_Supplied data_
○ ○ ○ ○

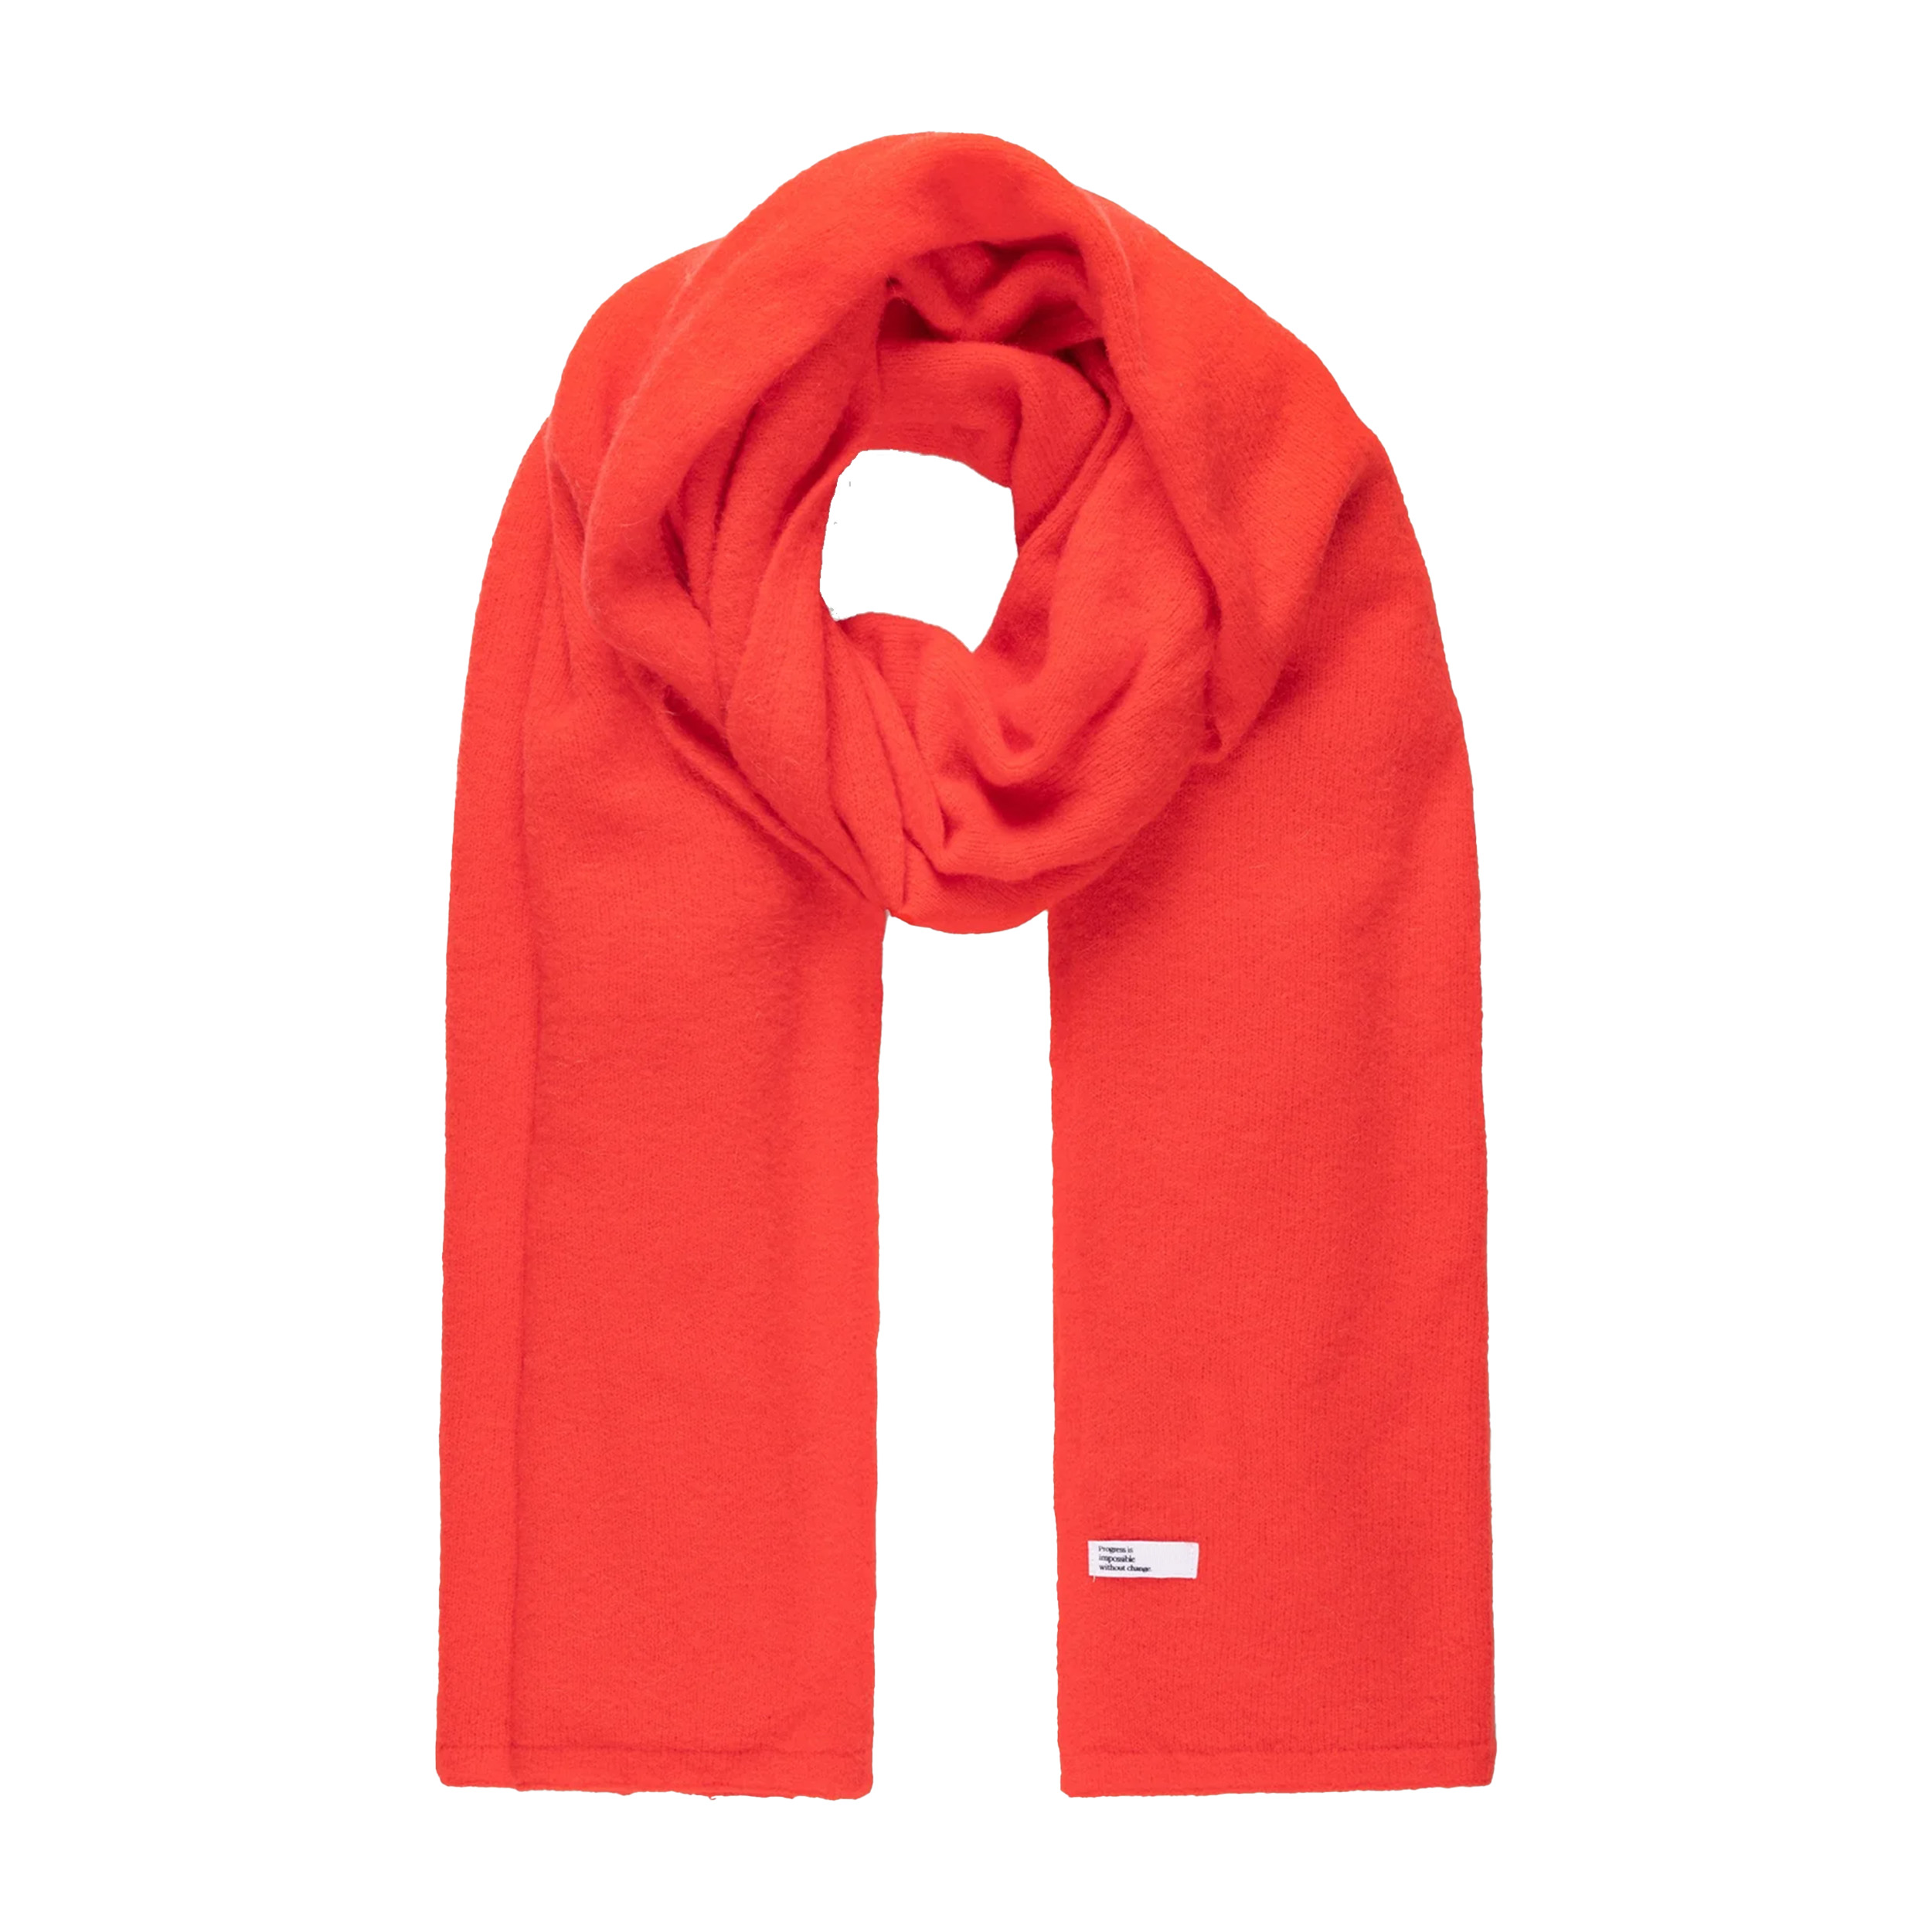 10DAYS Soft Knit Scarf Coral Red
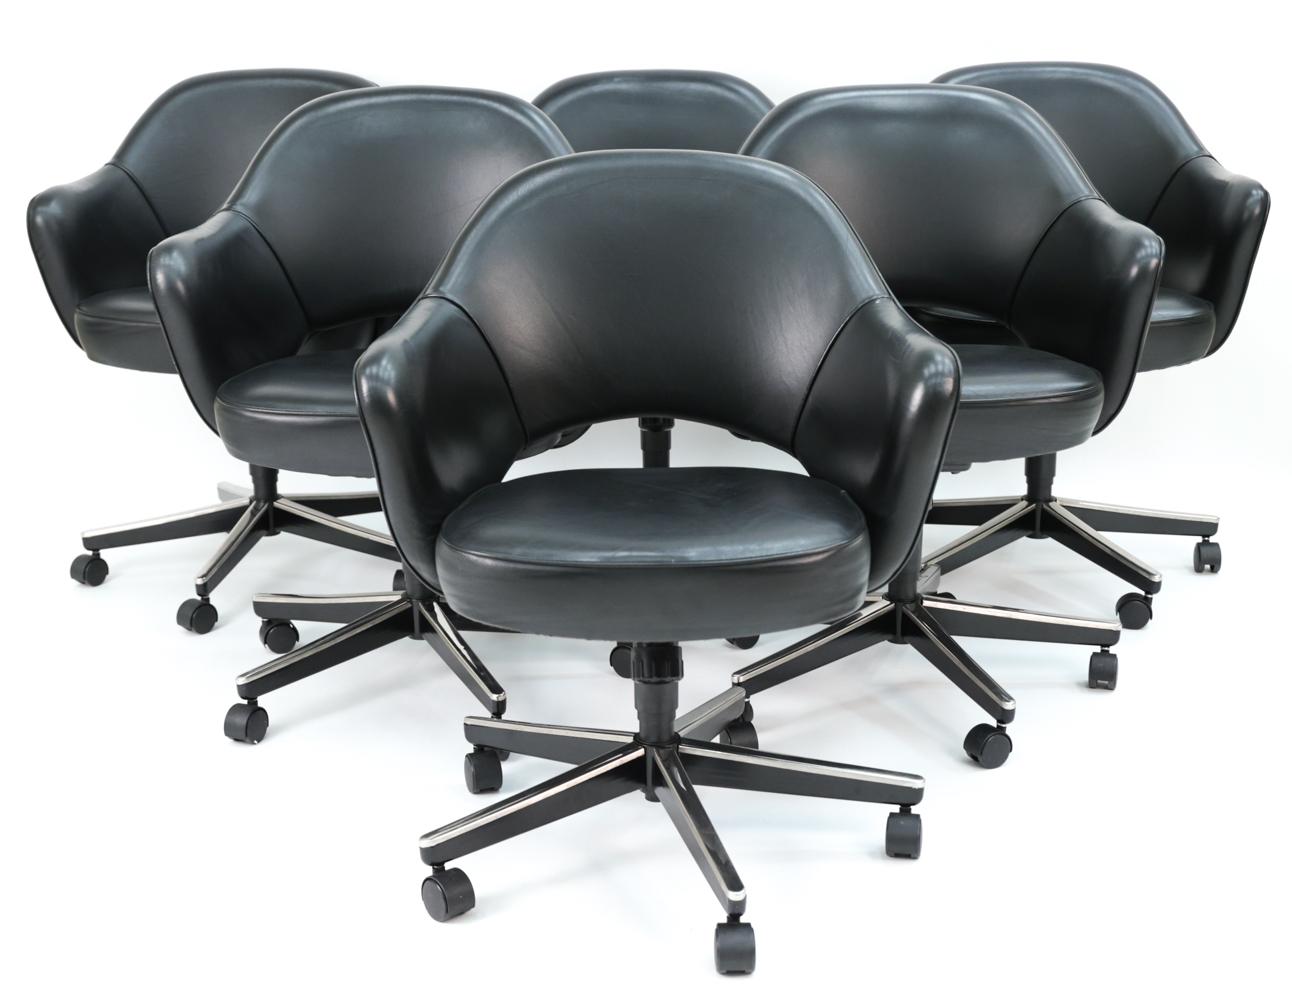 Set of (6) contemporary Eero Saarinen executive armchairs, with rolling swivel bases and black Volo leather upholstery, circa 2004.
Featured in nearly all Florence Knoll-designed interiors, the Saarinen executive chair has remained one of Knoll's

○ ○ ○ ○

_Task details_
Reproduce the lines above letter for letter. The pictures stay behind.

_Solution for this exercise_
 10DAYS Soft Knit Scarf Coral Red
 Set of (6) contemporary Eero Saarinen executive armchairs, with rolling swivel bases and black Volo leather upholstery, circa 2004.
Featured in nearly all Florence Knoll-designed interiors, the Saarinen executive chair has remained one of Knoll's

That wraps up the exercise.